MMEJ reactions incubated with substrates containing longer single-stranded DNA regions of 43 and 73 nucleotides were more efficiently used than substrates with short regions (Figure 8A and B). Canonical SSBs recruit several enzymes to DNA replication forks via their acid C-terminal extension (60,61) and AtmtSSB1 interacts with AtPolIB with similar affinities to the interactions observed in other replisomes (Figure 8D). We therefore tested whether the presence of AtmtSSBs would promote MMEJ by wild-type AtPolIs in substrates with long single-stranded DNA regions. We used substrates with increased single-stranded DNA regions of 12, 43 and 73 nucleotides while maintaining a microhomology region of 8 nts (pssDNA-8₍₄₎, pssDNA-8₍₃₅₎ and pssDNA-8₍₆₅₎) in the presence of increased concentrations of AtmtSSB1 and AtmtSSB2 and exonuclease proficient AtPolIB (Figure 8C–E). In a pssDNA-8₍₄₎ substrate, AtPolIB executed MMEJ in the presence and absence of mtSSBs with similar efficiencies and most of the substrate was degraded to 15- or a 16-mer (Figure 8C). A comparison between the amount of MMEJ product synthesized by exonuclease deficient AtPolIB and the exonuclease active form of the enzyme on the pssDNA-8₍₄₎ substrate shows that AtPoIlB exo- converts approximately 80% of the substrate to a MMEJ product, whereas wild-type AtPolIB converts <10% of the substrate to a MMEJ product in the absence of AtmtSSB1 (Figure 8C, lanes 2 and 3).

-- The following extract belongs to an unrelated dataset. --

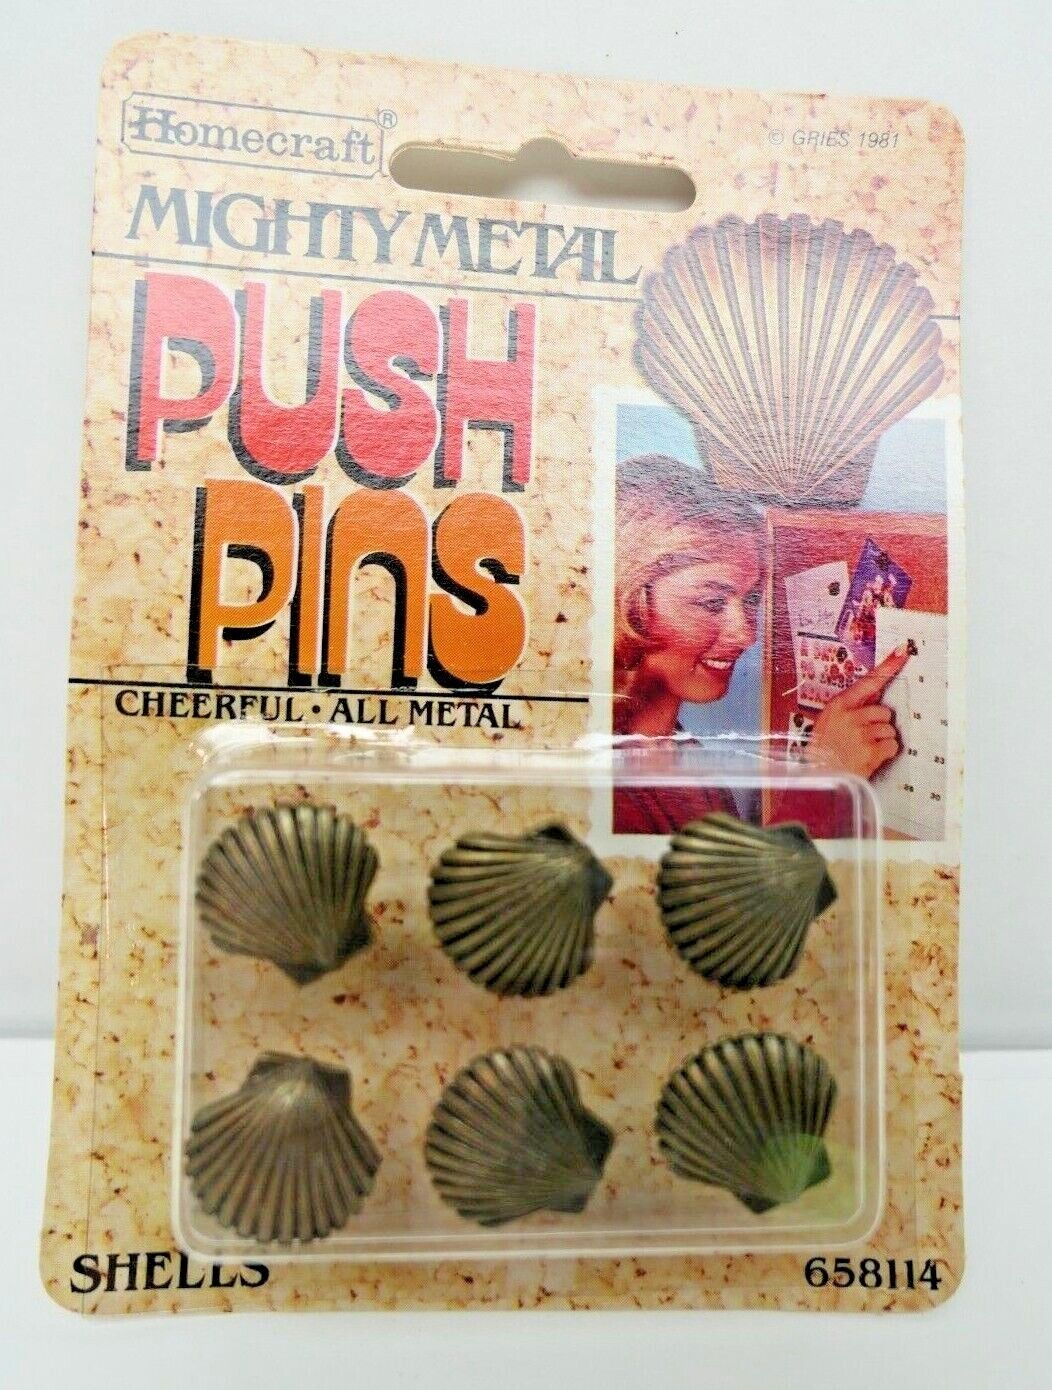 RARE Vintage 1981 Homecraft Mighty Metal Pushpins 6pk Seashells #658114 NOS

In pssDNA-8₍₃₅₎ and pssDNA-8₍₆₅₎ substrates, the exonucleolytic degradation by wild-type AtPolIB substantially decreased independent of the presence or absence of AtmtSSBs (Figure 8D and E). MMEJ reactions incubated with a pssDNA-8₍₃₅₎ substrate exhibited almost no difference when incubated with exonuclease deficient or exonuclease proficient AtPolIB (Figure 8D, lanes 2 and 3) and the addition of AtmtSSBs had no effect on MMEJ (Figure 8D, lanes 4–11). Reactions incubated with wild-type AtPolIB generate a predominant MMEJ product of 110 nts and a minimal amount of exonucleolytic products that accumulate as 15 or 16-mers (Figure 8D, lanes 3–11). A similar decrease of the exonuclease degradation products by wild-type AtPolIB is also observed in reactions incubated with a pssDNA-8₍₆₅₎ substrate in the presence and absence of AtmtSSBs (Figure 8E).

DISCUSSION

Here we demonstrate that organellar DNA polymerases from the plant model A. thaliana, AtPolIs, efficiently perform MMEJ on partially resected DSBs longer than 6 nts, proving an explanation for DSBs repair with MMEJ signatures in plant organelles (12,29,31,32). MMEJ requires the formation of a synapse between DNA strands to join otherwise unstably paired microhomologous sequences, while creating a 3′-OH necessary for nucleotide incorporation and extension. Short microhomologous sequences could transiently pair, however these intermediates are short-lived. AtPolIs in comparison to KF DNAP I is able to stabilize these intermediates and used them as substrates. AtPolIs harbor three unique amino acid insertions in their polymerization domain (35,37) and within these insertions, insertion 1 is indispensable for MMEJ. Thus, AtPolIs and HsPolθ converged in the use of insertions for MMEJ and lesion bypass (21,40).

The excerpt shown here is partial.